Me quiero bajar en Gran Vía
Me gustaría tener la posibilidad de poder subirme o bajarme en la estación un día de estos, y, sobre todo, que se suban y se bajen los que necesitan hacerlo sin más remedio
Esta columna se llama “Me bajo en Callao” porque no me puedo bajar en Gran Vía, que es donde debería bajarme. No importa. Siempre voy caminando a cualquier sitio que me pille en un radio de cuatro kilómetros. Si tengo que tomar el metro para ir a la estación de Chamartín o al aeropuerto, me voy hasta Tribunal y listo. A la estación de Atocha, andando, que es cuesta abajo y un paseo entretenido. Si llueve, salgo con paraguas. Si voy cargada o me duele un pie, sin problemas: hay siete u ocho líneas de bus en una dirección, otras siete u ocho en otra, y taxis. Muchos taxis. Solo busco taxis.

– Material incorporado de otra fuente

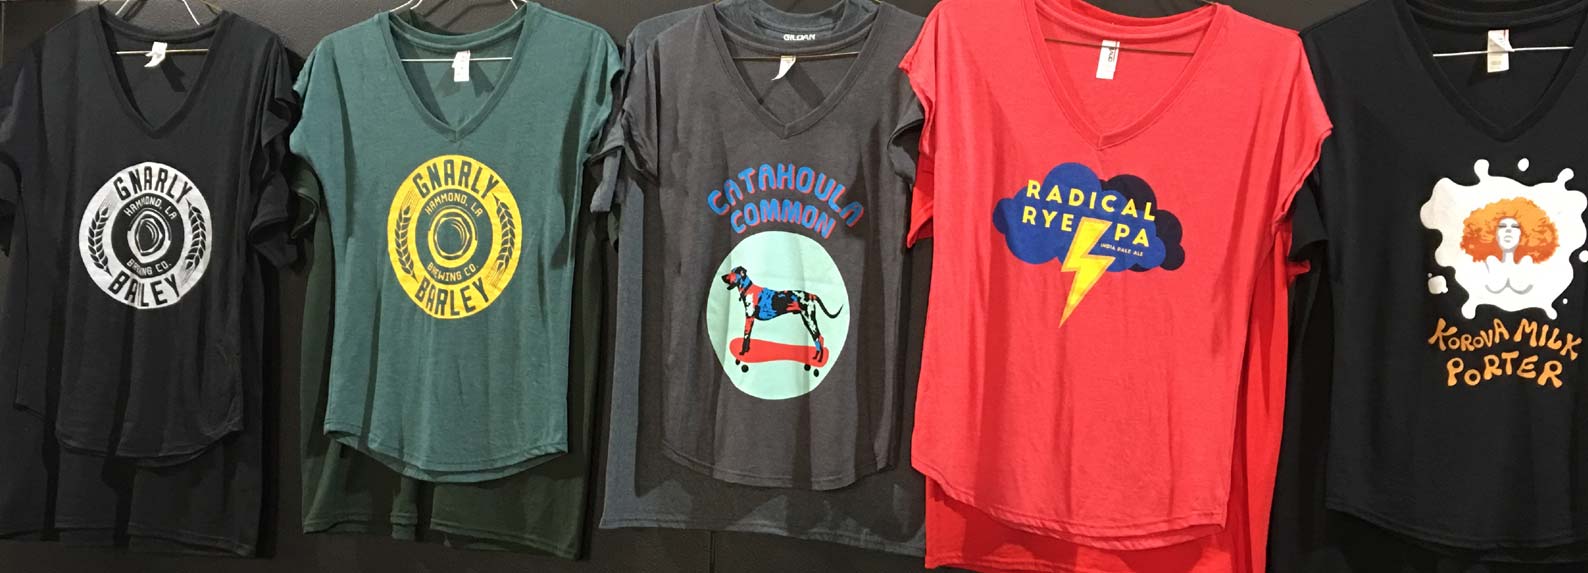 GNARLY BARLEY, CATAHOULA COMMON, RADICAL RYE, KOROVA MILK PORTER Sample T-shirt images

Ahora bien, me gustaría tener la posibilidad de poder subirme o bajarme en Gran Vía un día de estos, y, sobre todo, que se suban y se bajen los que necesitan hacerlo sin más remedio. Al menos querría saber si podrán hacerlo antes del cambio de década. La Comunidad de Madrid tampoco lo sabe. “No antes de fin de año”, dicen, pero lo mismo nos chupamos las siguientes Navidades y llegamos a 2020 con la calle de Montera manga por hombro y con el presupuesto disparado, porque se metieron en un follón mal calculado y del que todavía no han sabido salir.
Vale. Seguiré echando aguante al cierre de la estación y a las obras de Montera que nos lió Cifuentes. Hasta he disculpado al ciudadano expopular Garrido y a los colegas de sus dos partidos la nula comprensión que mostraron hacia nosotros, los vecinos. Ladraban contra el ensanche de las aceras de Gran Vía y achuchaban a las apocalípticas asociaciones que, cumpliendo directrices, auguraban la ruina de la zona con Madrid Central. Cosas de políticos ultraderechistas liberales descentrados, me decía. Ni siquiera poniendo zancadillas consiguieron que el centro colapsara. Mi madre tiene razón: el que desea el mal del vecino, el suyo le viene por el camino. Ella lo dice así, y eso ha ocurrido.
Los que deseaban ayer que Madrid Central fuera un desastre son hoy los responsables de que el metro de Gran Vía esté cerrado y la mitad de la calle Montera, colapsada. Desde hace nueve meses (y lo que nos queda) los vecinos seguimos rodeando con paciencia las feas vallas de Montera a diario, y los turistas se mueven apelotonados por los laterales de unas obras que ahora invaden la añorada y despejada plaza de la Red de San Luis.
Porque yo añoro esa plaza como añora los atascos una aspirante que nos divierte con sus ocurrencias en su carrera hacia la presidencia. Un día quiere que los embriones de tres semanas se puedan empadronar, al otro se cabrea porque a las tres de la mañana Madrid no está atascada, y cuando llega el 2 de mayo nos recuerda a los madrileños lo bonito que fue morir por el rey sin que nadie le aclarara previamente quién era Fernando VII. ¿Hay alguien al volante?